ÖZET
Okumanın gerçekleşmesi için çeşitli beyin bölgelerinin birbiri ile doğru ve hızlı biçimde etkileşime girmesi gerekmektedir. Doğru ve akıcı okuyamama olarak tanımlanan disleksinin nörobiyolojisinin aydınlatılmasında görüntüleme çalışmaları önemli bir yer tutmaktadır. Temel nörobiyolojik mekanizmaların aydınlatılmasında yapısal görüntülemede Voksel Tabanlı Morfometri, difüzyon tensor görüntüleme, manyetik rezonans (MR), spektroskopi; fonksiyonel görüntülemede fonksiyonel MR görüntüleme araştırmaları yapılmaktadır. Bu araştırmalara göre, fonksiyonel MR görüntüleme çalışmalarında, genel anlamda serebral hipoaktivasyon görülmekle birlikte hem yapısal hem de fonksiyonel çalışmalarda temporobazal, parietal ve frontal loblardaki devrelerin sol ve sağ hemisferde lateralizasyon olmaksızın sıklıkla bozulduğu görülmüştür. Bu çalışmalardan elde edilen bulgular disleksinin nöral mekanizmalarının oldukça karmaşık olduğunu ve okuma işlevinin büyük oranda beynin maturasyonu ile ilgili olduğunu göstermektedir. Bu yazıda disleksisi olan olgularda yapılan MR çalışmaların ve sonuçlarının bu olguların tedavisine ve ilerideki yapılacak araştırmalara ışık tutması amaçlanmıştır.
Giriş
Okumayı öğrenme, modern dünyaya uyumu artıran eşsiz bir yetenektir. Okumanın gerçekleşmesi için çeşitli beyin bölgelerinin birbiriyle doğru ve hızlı biçimde etkileşime girmesi gerekir.1 Bu okuma döngüsü, dili destekleyen görsel ve ortografik süreç, çalışma belleği, dikkat, motor fonksiyonlar, anlama ve yüksek işlevli bilişsel yetileri içeren nöral ağlardan oluşur.1 Okuma; ortografik, fonolojik ve semantik bütünleşmenin yanı sıra görme ve işitmenin tam olması ve konuşulanı anlama ve konuşma seslerini işlemlemeyi gerektirir.2 Ne yazık ki toplumun %5-12’si okumayı öğrenmekte zorluk yaşamaktadır.1
Okuma bozukluğu, klinik olarak çok etmenli ve heterojen birçok klinik durumu kapsayan özgül öğrenme bozukluğu terimi içinde yer alır ve uluslararası tanı sınıflama sistemi olan Ruhsal Bozuklukların Tanısal ve İstatistiksel El Kitabı-5’te (DSM-5) nörogelişimsel bozukluklar başlığı altında yerini almıştır.3 DSM-5’te okuma bozukluğu içinde ele alınan “disleksi” terimi ise; doğru ve akıcı okuyamama olarak tanımlanırken, okuduğunu anlama güçlüklerinin disleksi terimi dışında bırakıldığı dikkati çekmektedir.4
Disleksinin karmaşık kliniğine odaklanan çok sayıda araştırma olması nedeniyle, disleksiyi anlamak ve tartışmak için bir çerçeve içinde kalmak yararlı olacaktır.
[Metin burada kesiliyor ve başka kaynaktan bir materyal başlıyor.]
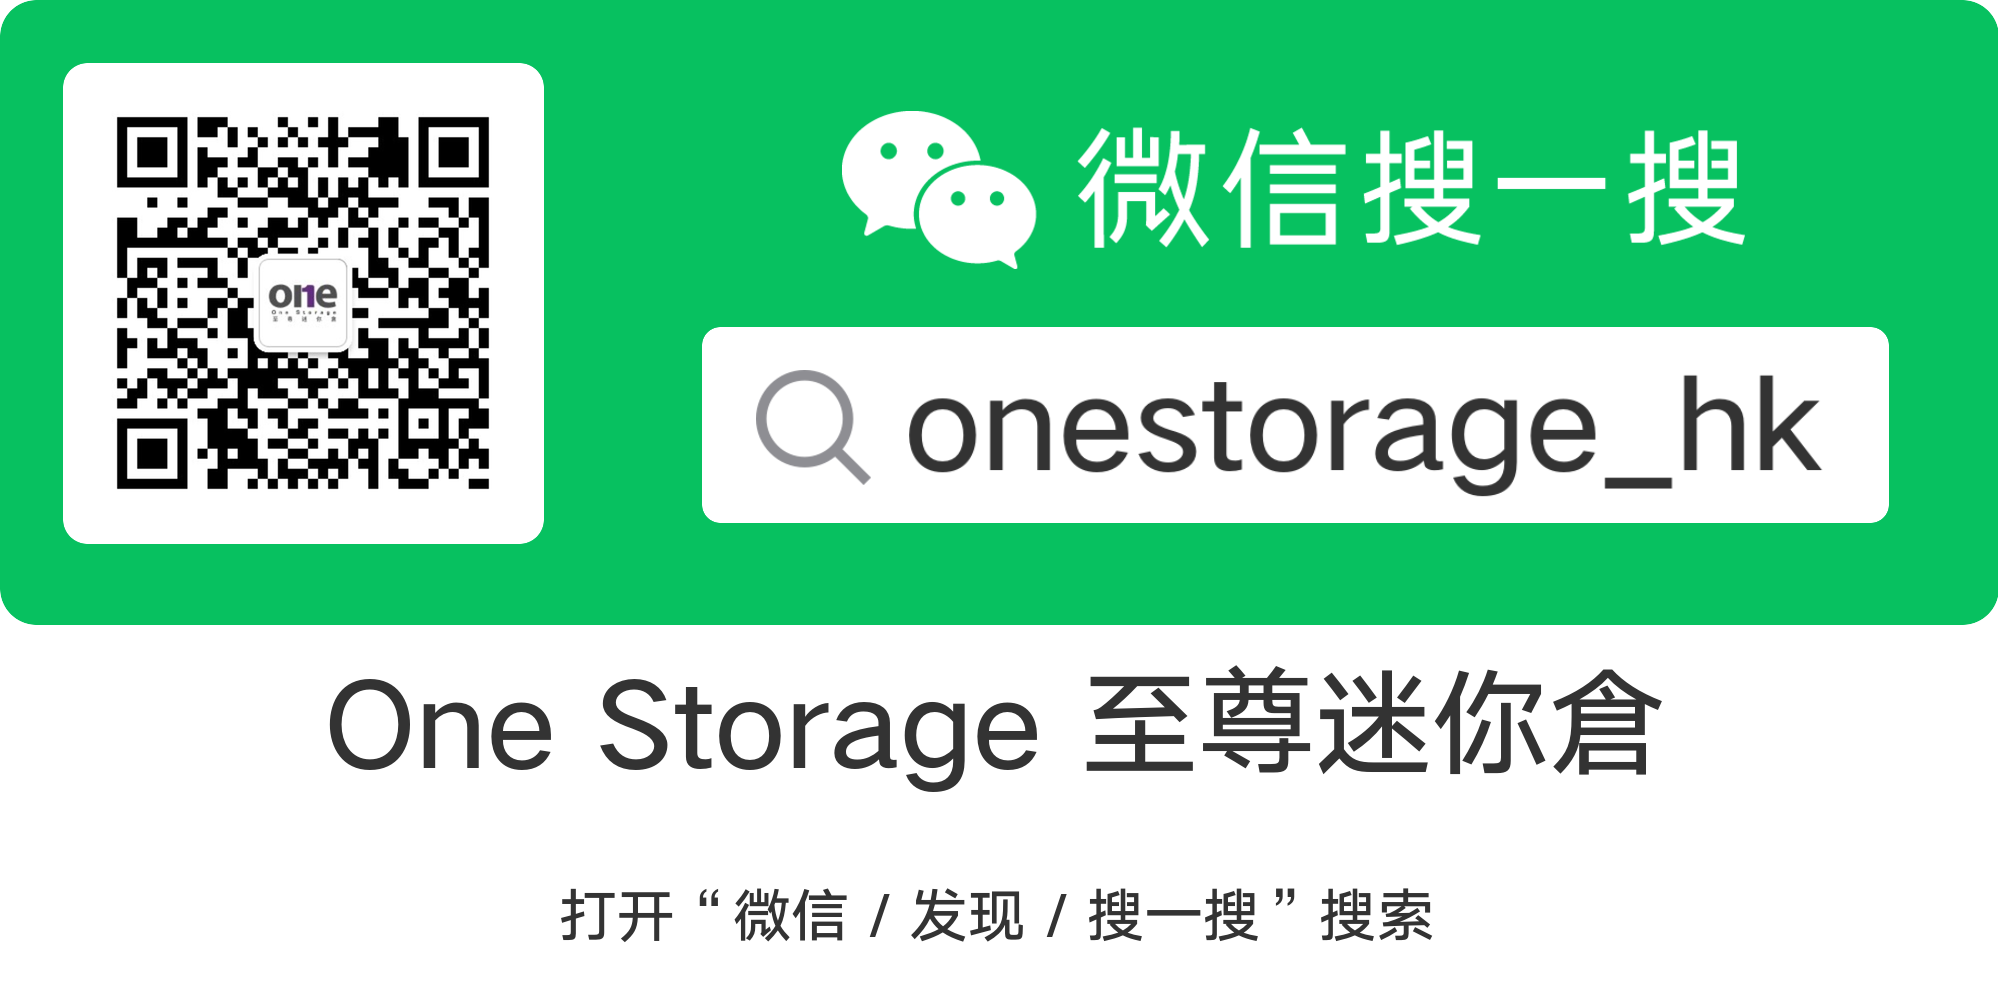 One Storage至尊迷你倉微信公眾號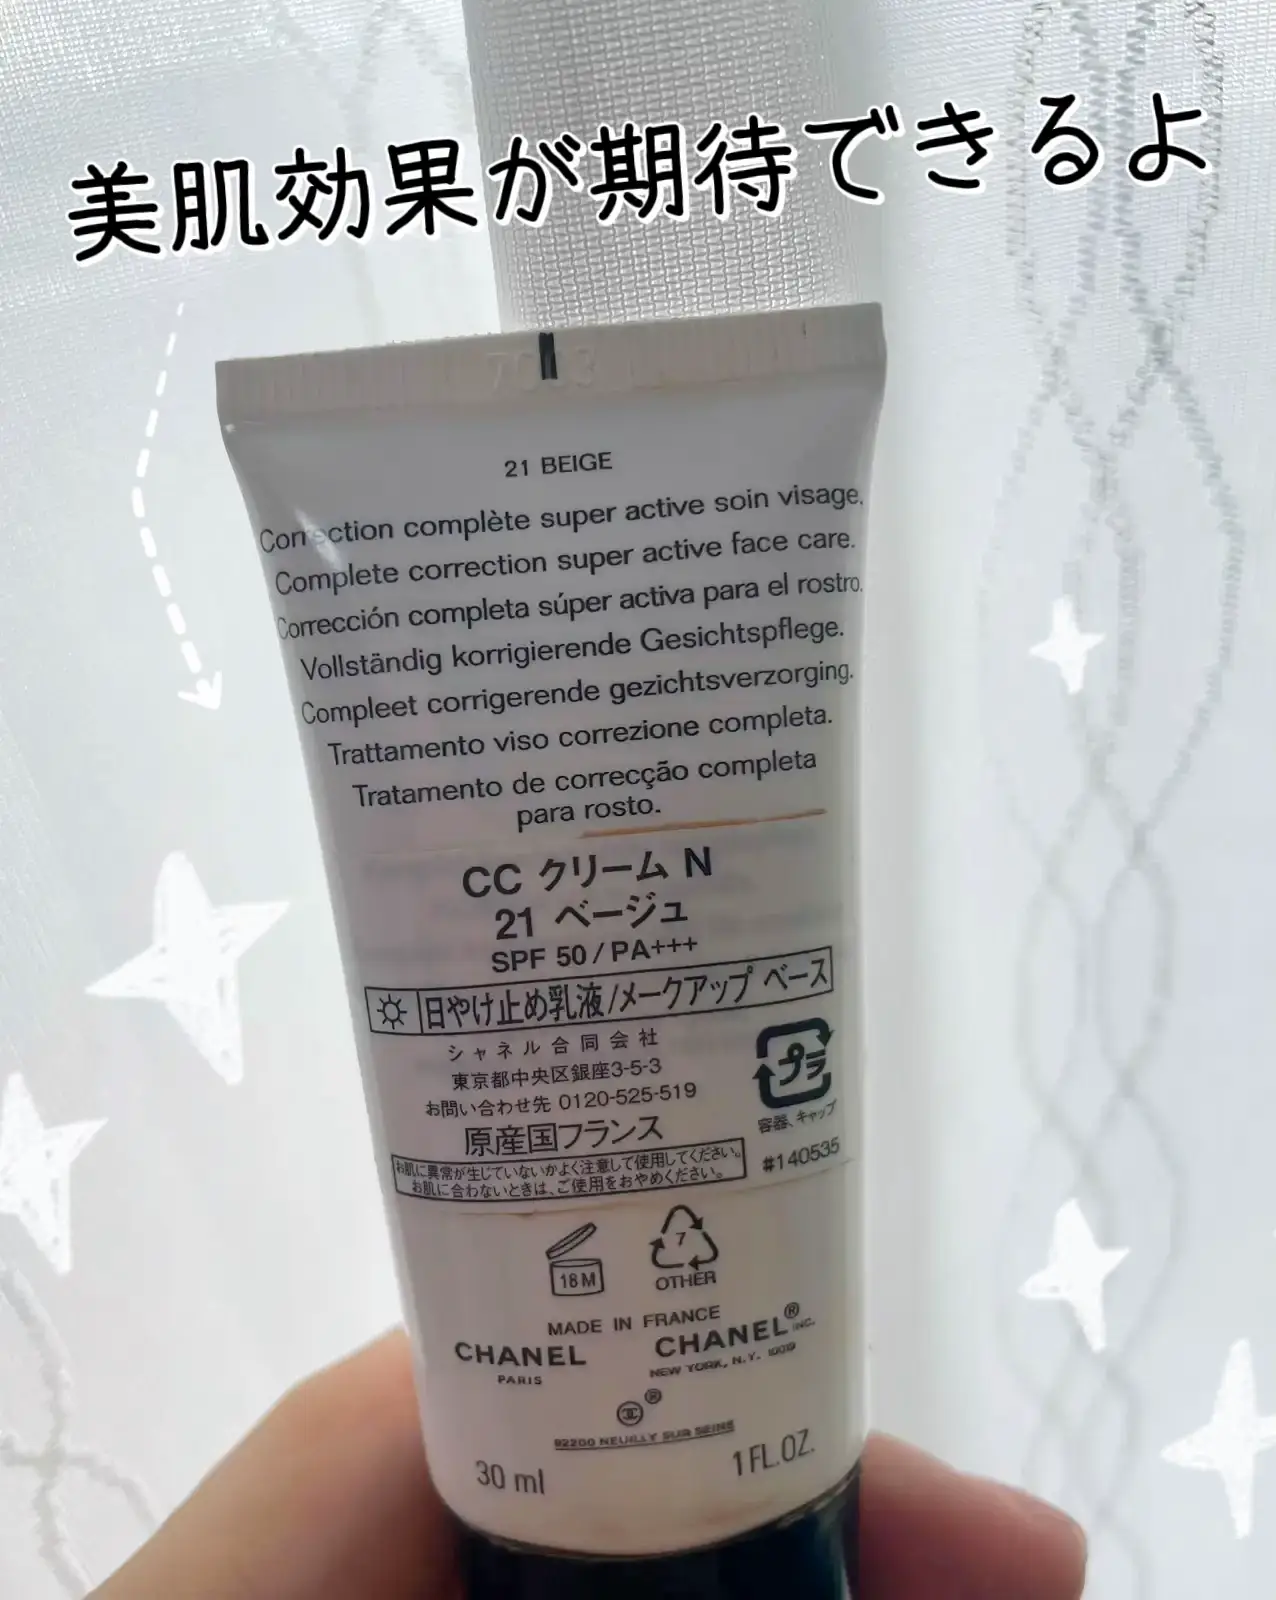 CHANEL CC Cream Super Active Complete Correction - 1 oz for sale online

Disleksinin nörobiyolojisinin aydınlatılmasında, görüntüleme çalışmaları önemli bir yer tutmaktadır. Nörogörüntüleme, gri ve beyaz cevher morfolojisi, beyaz cevher yolakları, nöral ağlar ve bölgeler arasındaki bağlantıları ve nörokimyayı da içeren yapısal ve fonksiyonel mekanizmalara dair önemli bilgiler sunar. Bu bilgiler bu yöntemlerin analizleri için hazırlanmış özel yazılımlar ile elde olunur. Yazılım paketleri araştırma merkezlerinin internet sitelerinden sağlanmaktadır [SPM (http://www.fil.ion.ucl.ac.uk/spm/), FSL (http://www.fmrib.ox.ac.uk/fsl/), FreeSurfer (http://surfer.nmr.mgh.harvard.edu)].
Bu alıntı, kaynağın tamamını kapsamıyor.